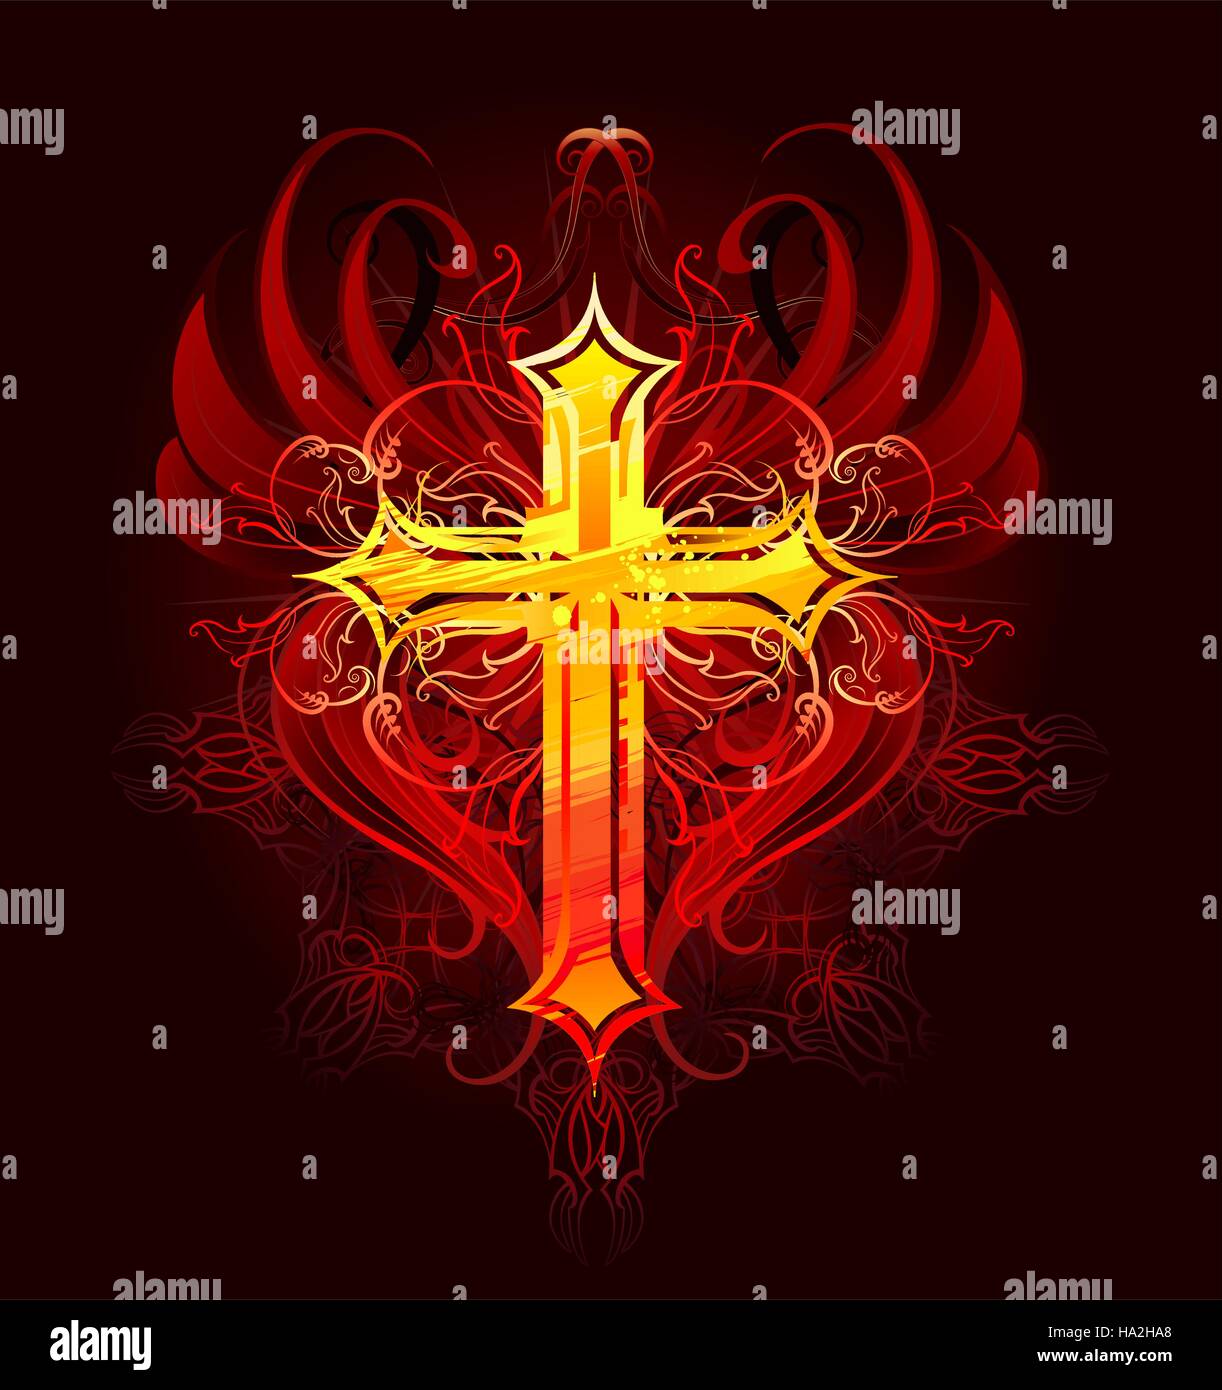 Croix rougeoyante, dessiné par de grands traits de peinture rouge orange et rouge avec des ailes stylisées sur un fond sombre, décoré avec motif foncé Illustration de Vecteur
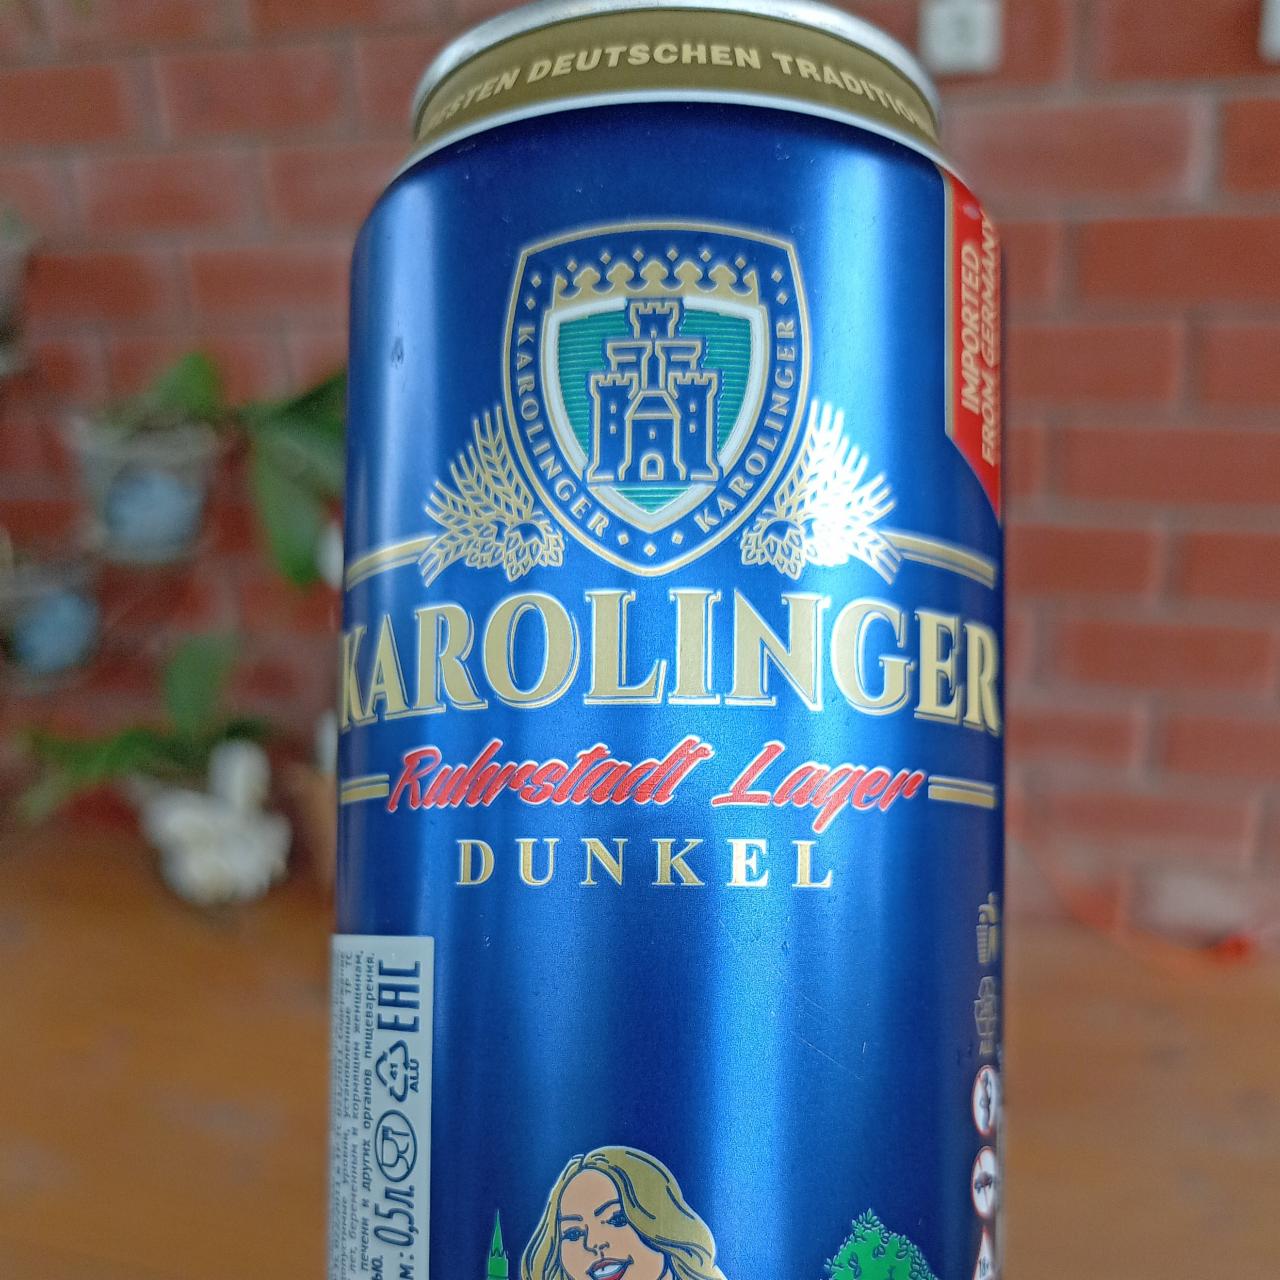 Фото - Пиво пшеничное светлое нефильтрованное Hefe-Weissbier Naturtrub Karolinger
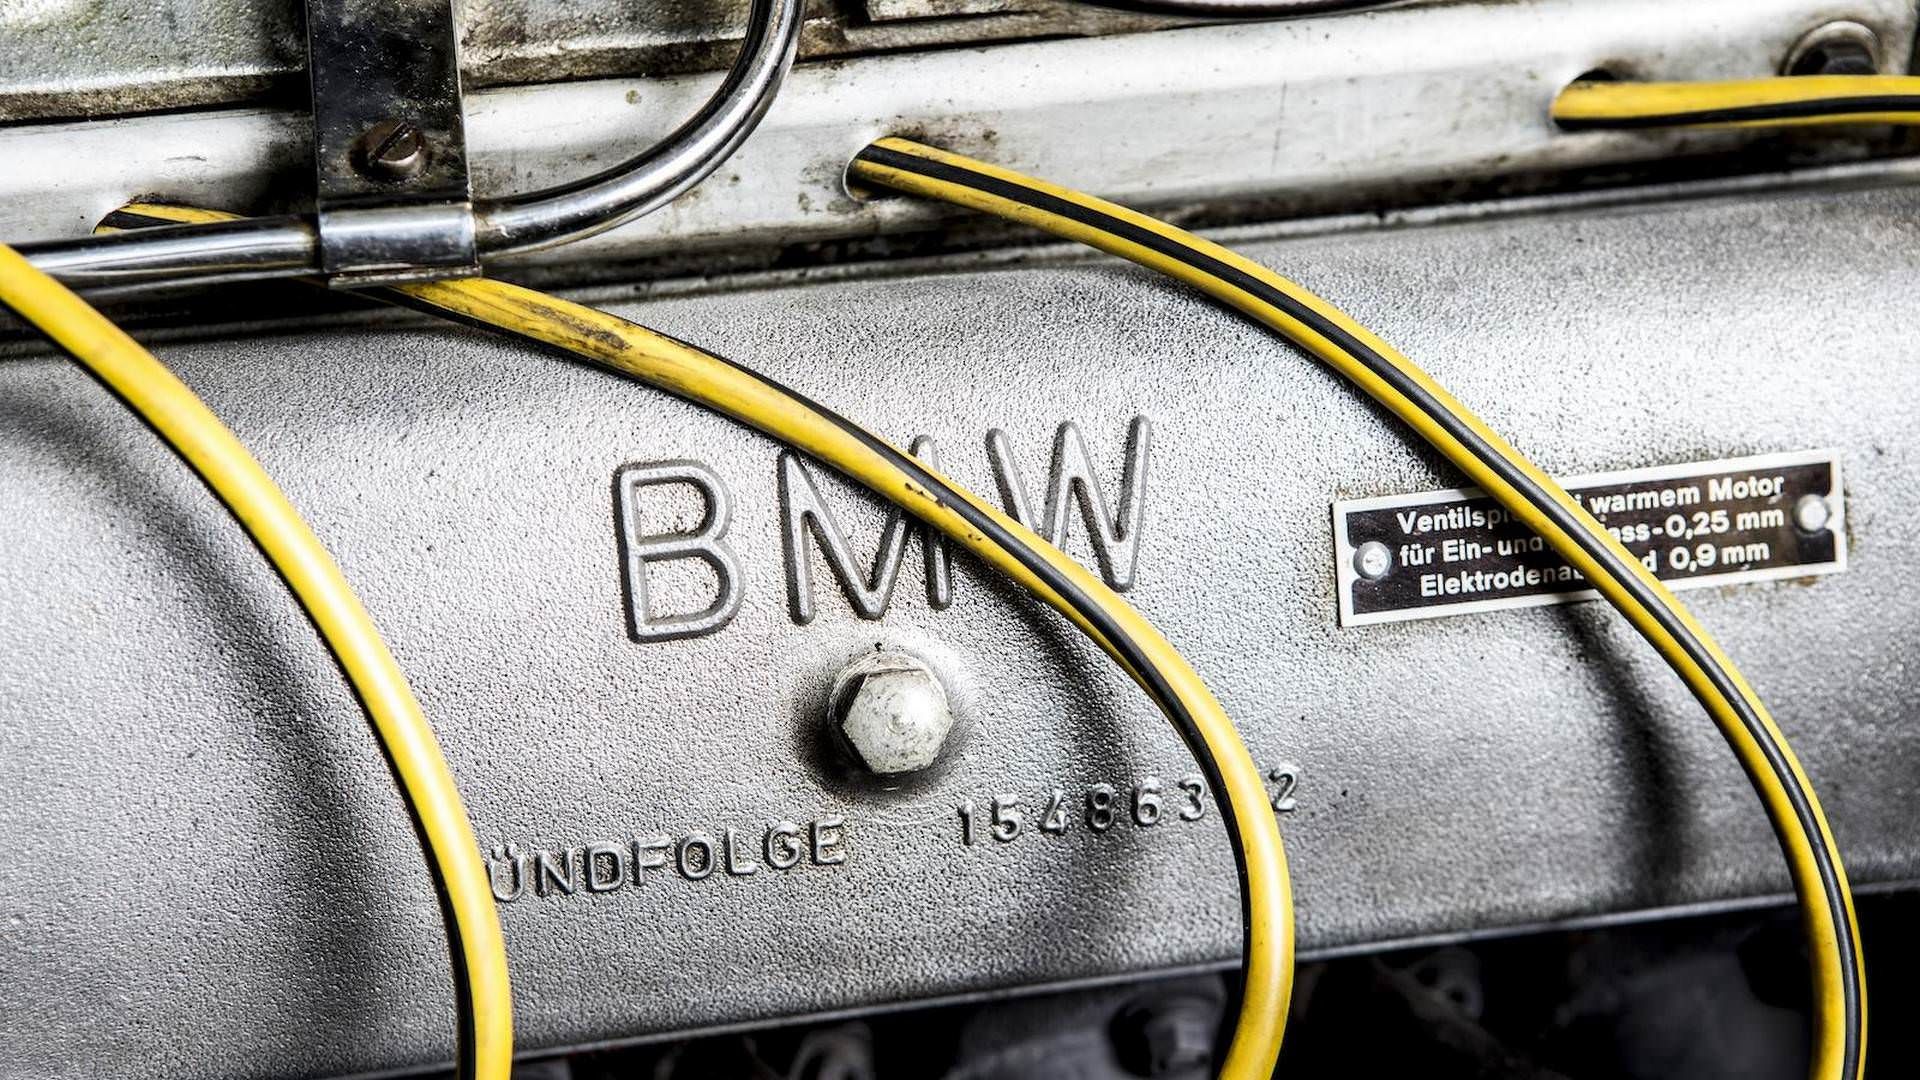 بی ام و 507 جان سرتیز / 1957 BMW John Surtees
····················
Task details: Please print the material exactly as given above, omitting the pictures.

Solution for this task:
 Croix rougeoyante, dessiné par de grands traits de peinture rouge orange et rouge avec des ailes stylisées sur un fond sombre, décoré avec motif foncé Illustration de Vecteur
 Фото - Пиво пшеничное светлое нефильтрованное Hefe-Weissbier Naturtrub Karolinger
 بی ام و 507 جان سرتیز / 1957 BMW John Surtees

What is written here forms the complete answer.